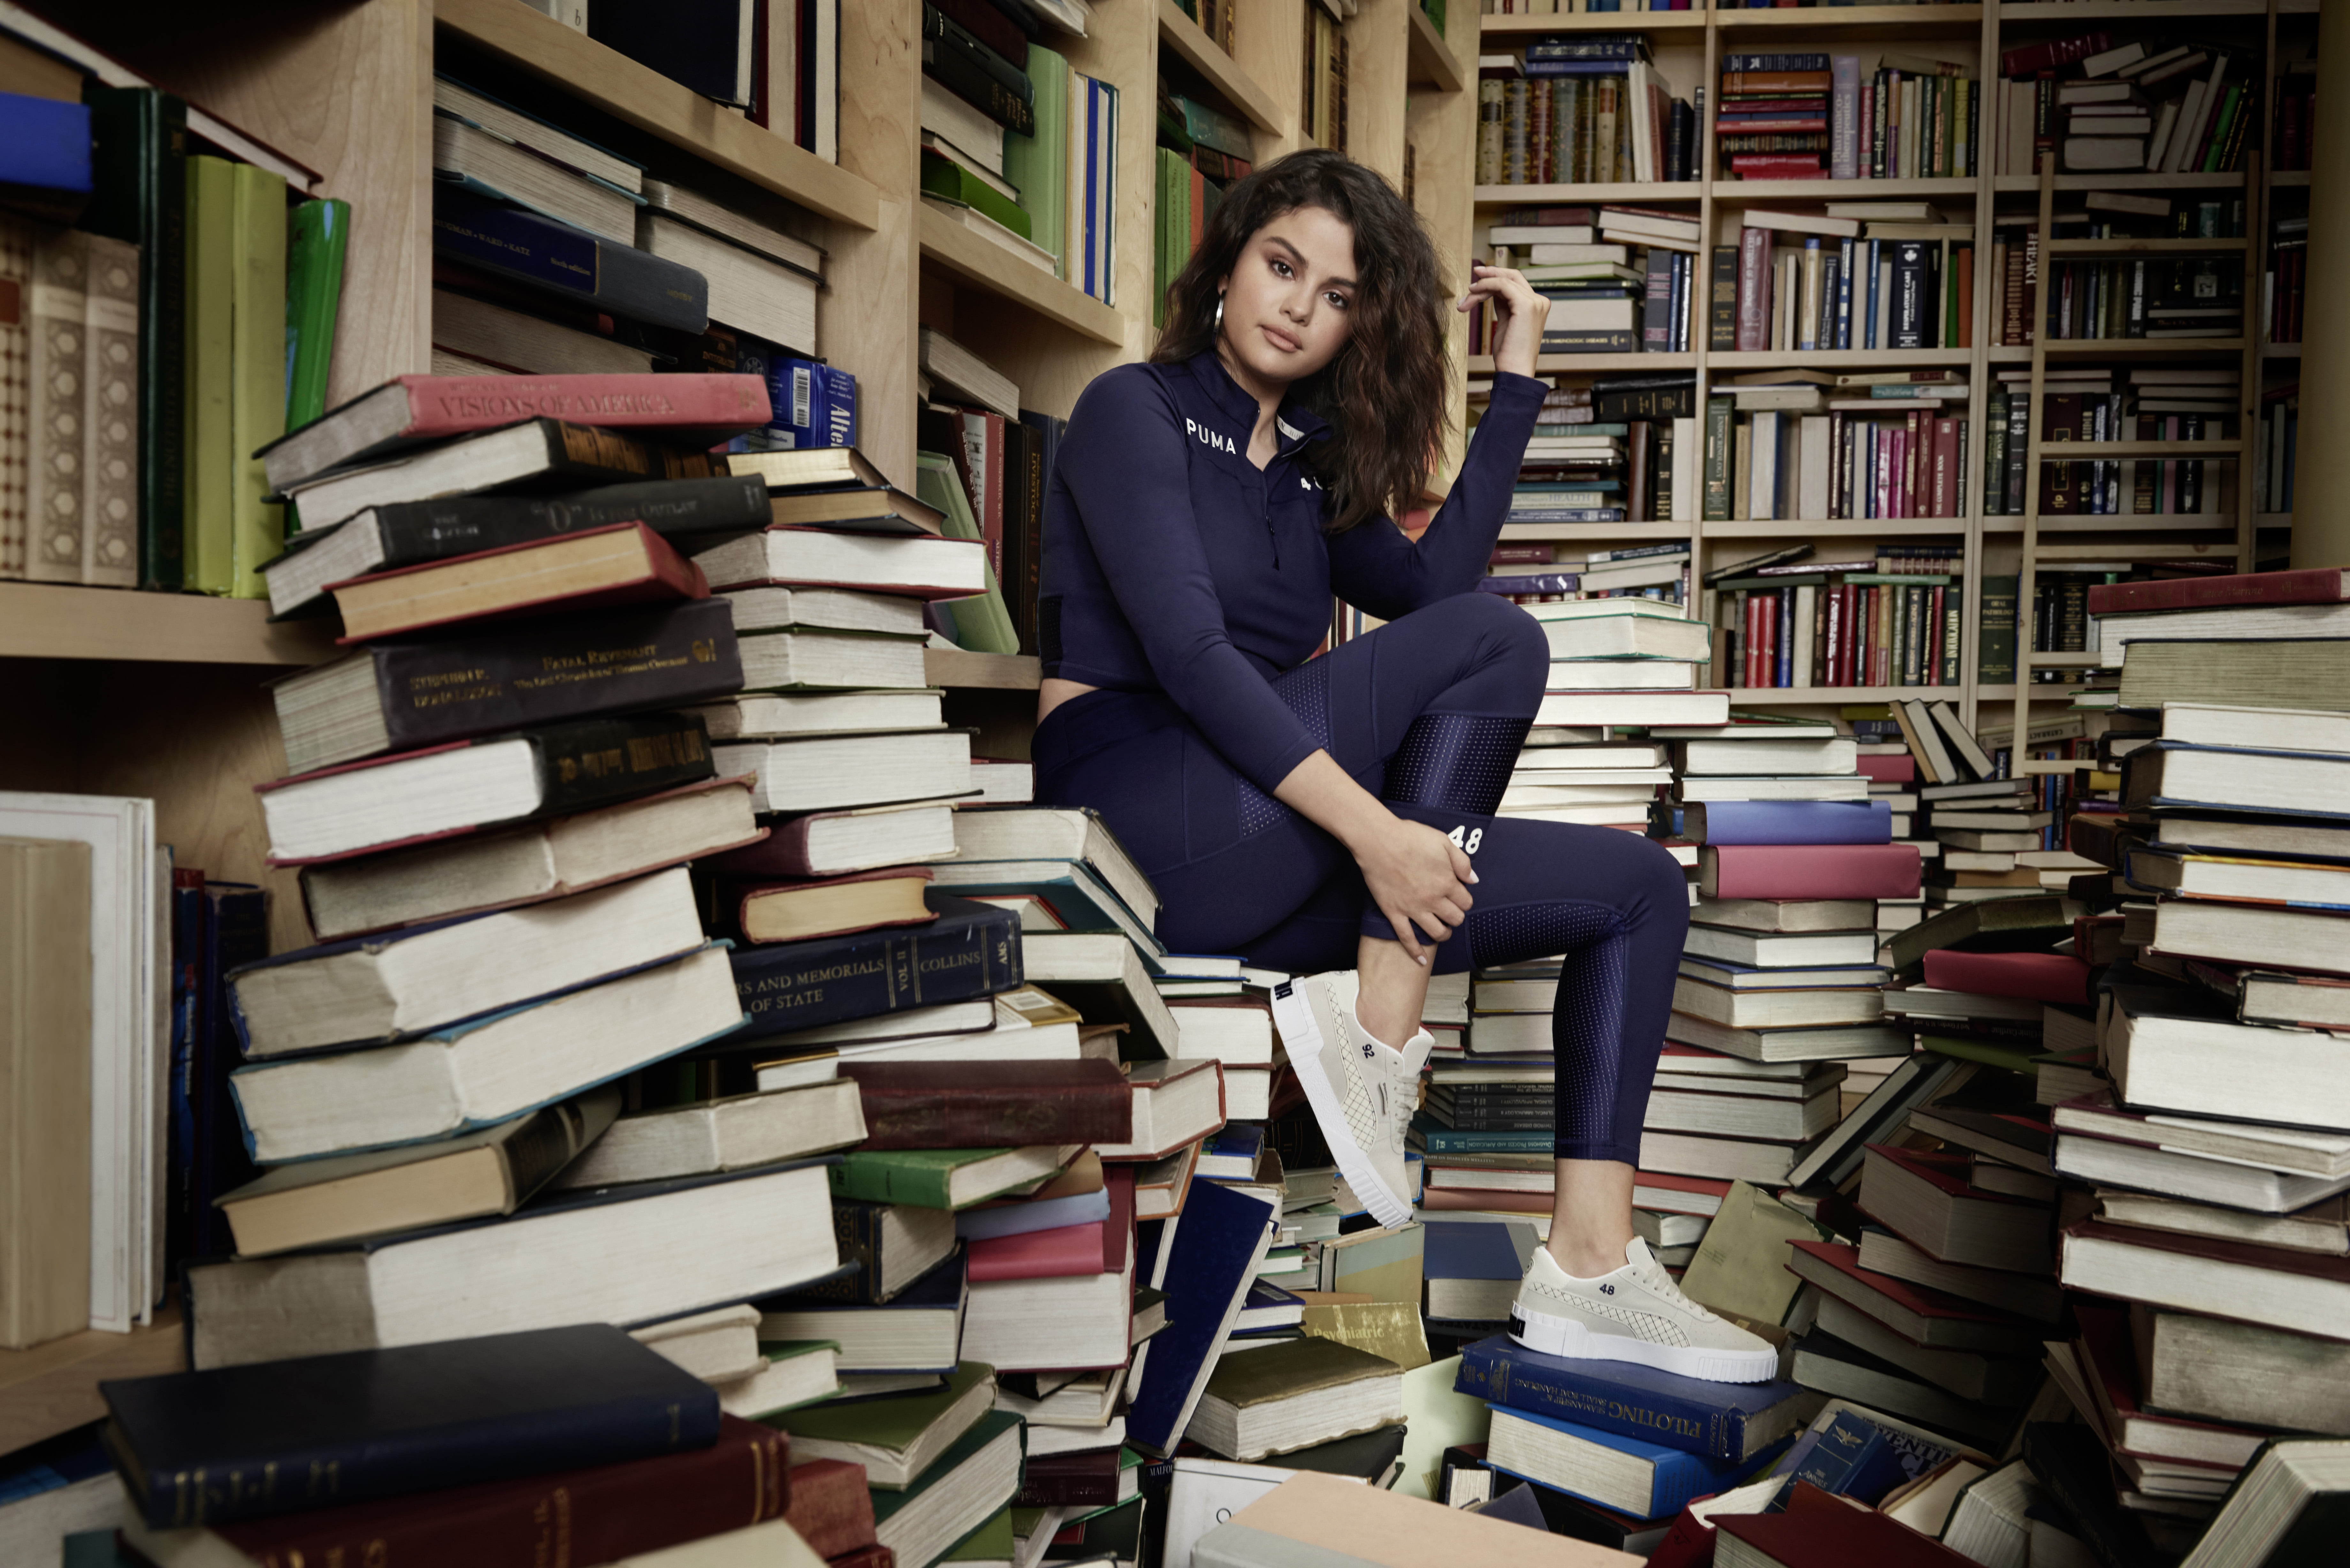 Singers, Selena Gomez, American, Book, Brunette, Library, Shoe
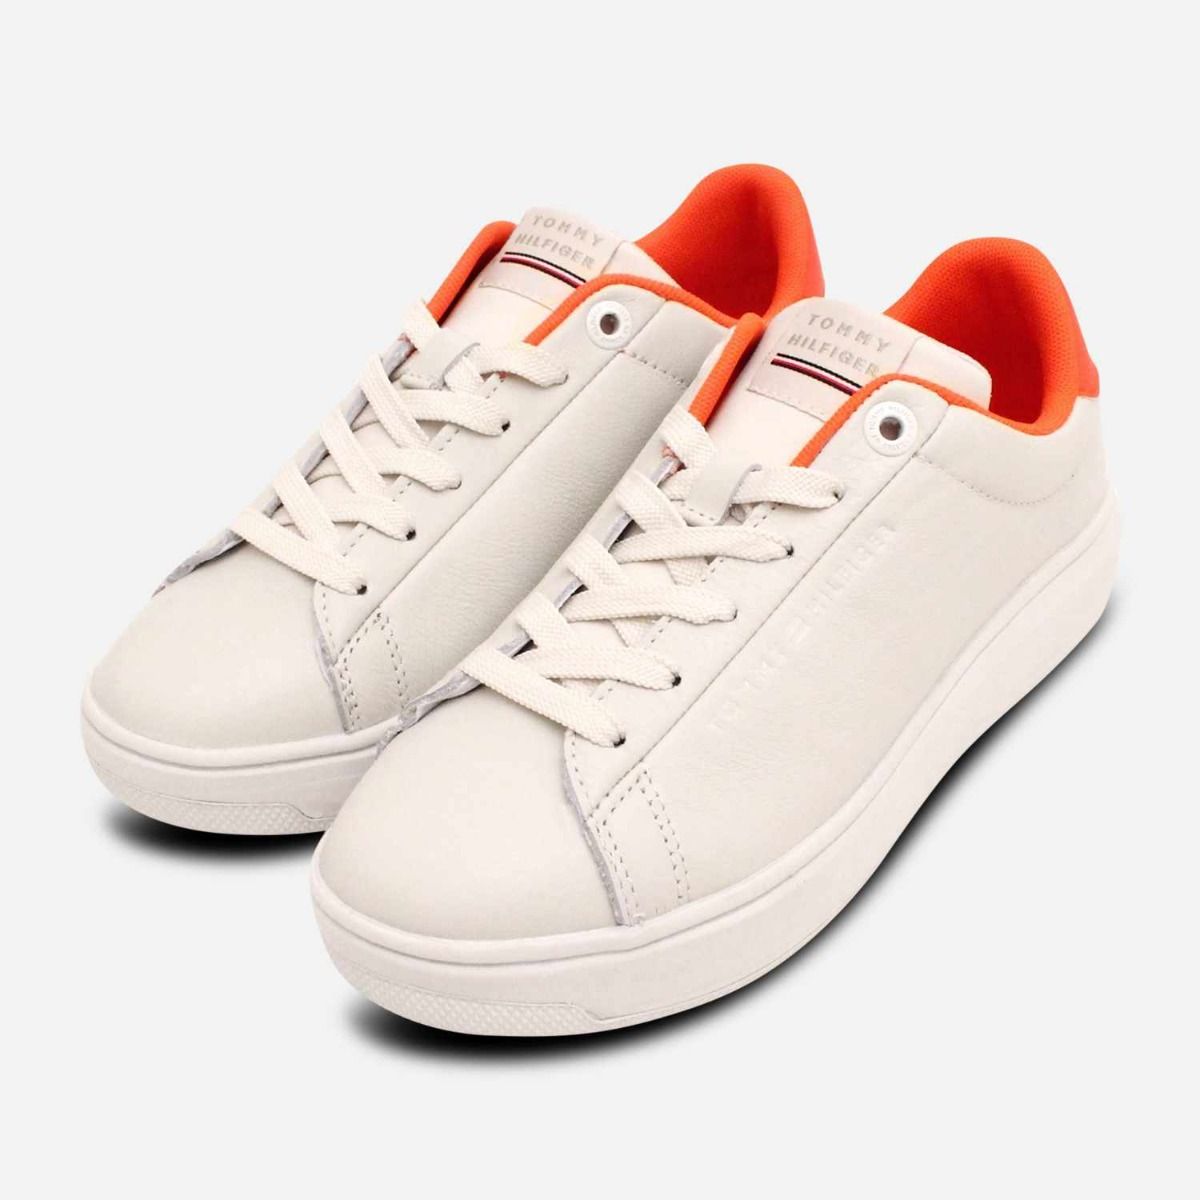 collegegeld Zeestraat Beyond Tommy Hilfiger Premium Leather Sneakers with Coral Heel
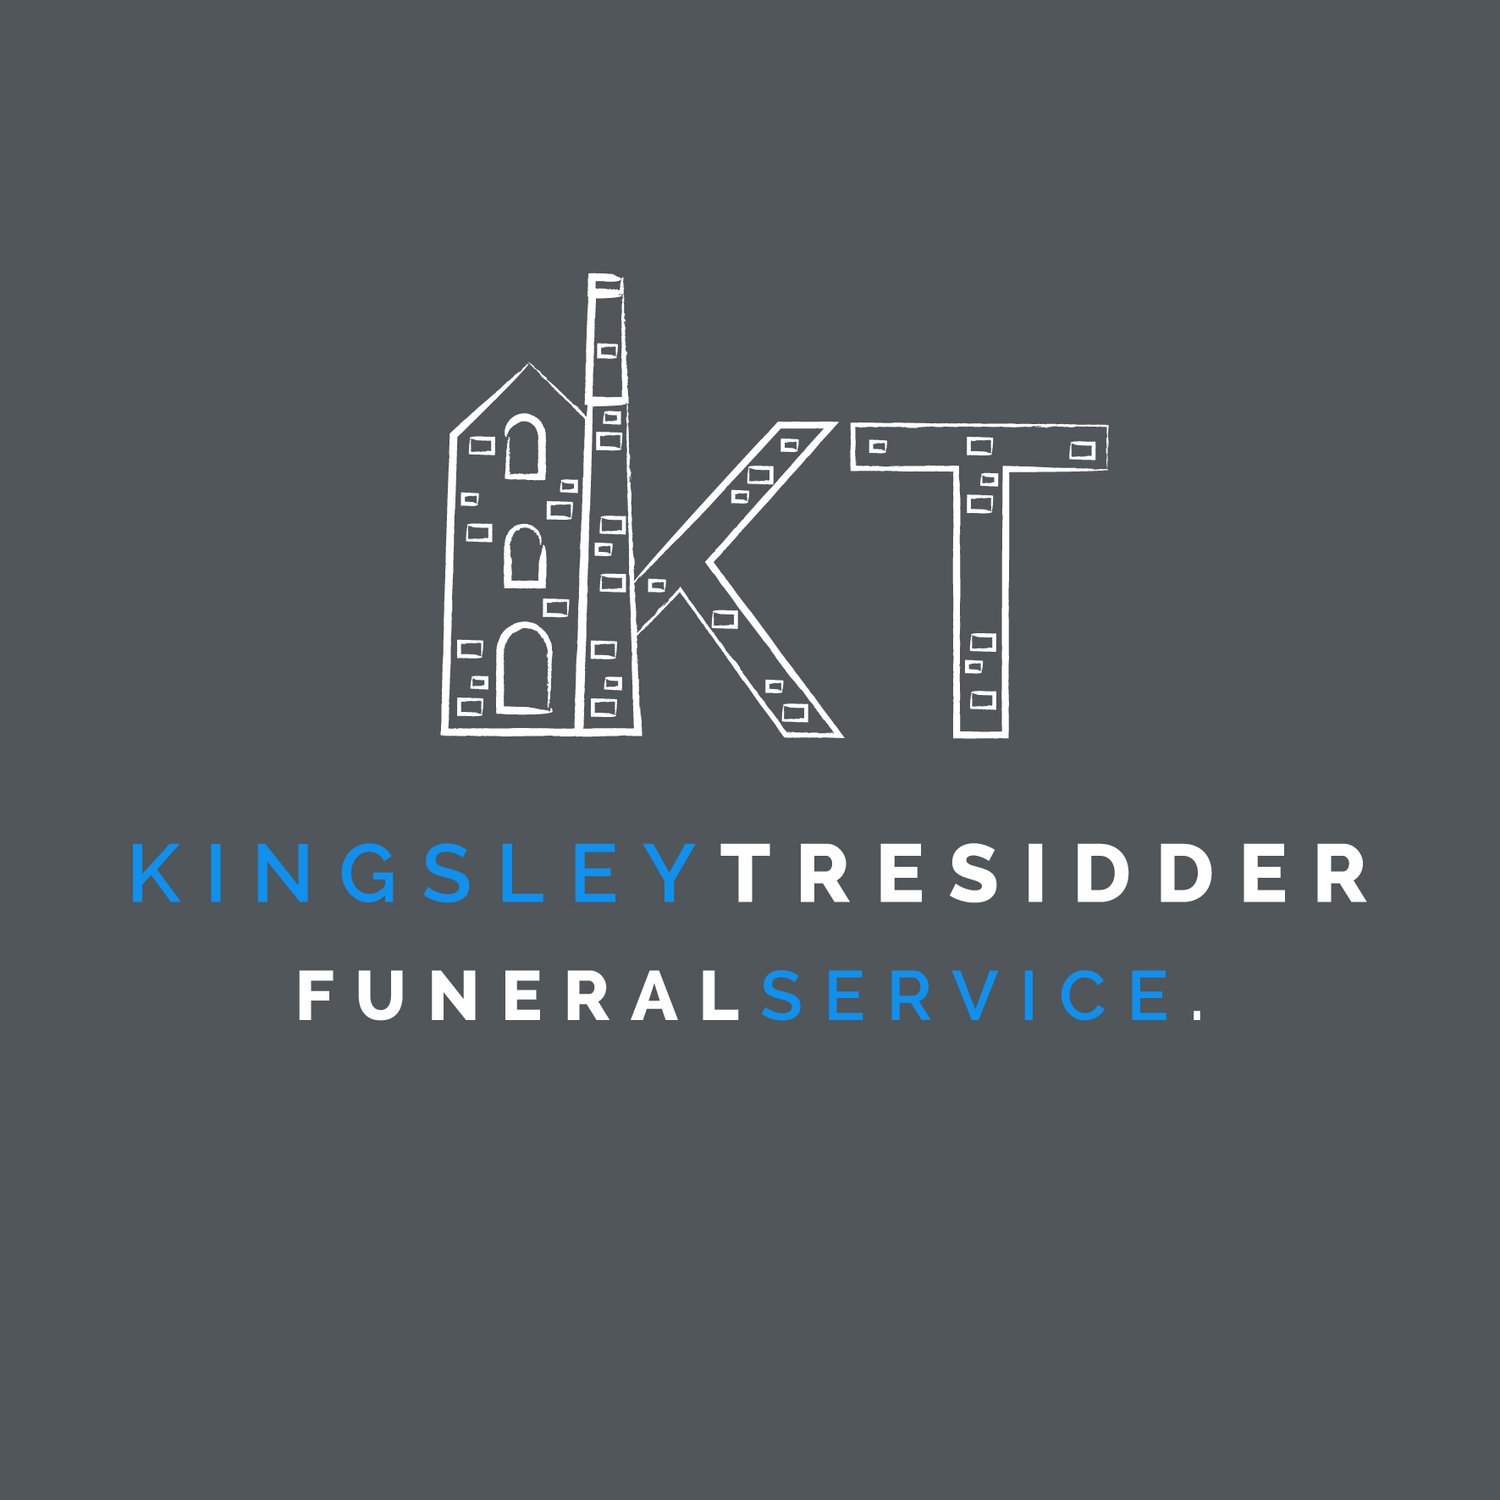 Kingsley Tresidder Funeral Service

Your assignment →
Print out the whole of the material word for word, without pictures.

Written solution →
 Singers, Selena Gomez, American, Book, Brunette, Library, Shoe
 collegegeld Zeestraat Beyond Tommy Hilfiger Premium Leather Sneakers with Coral Heel
 Kingsley Tresidder Funeral Service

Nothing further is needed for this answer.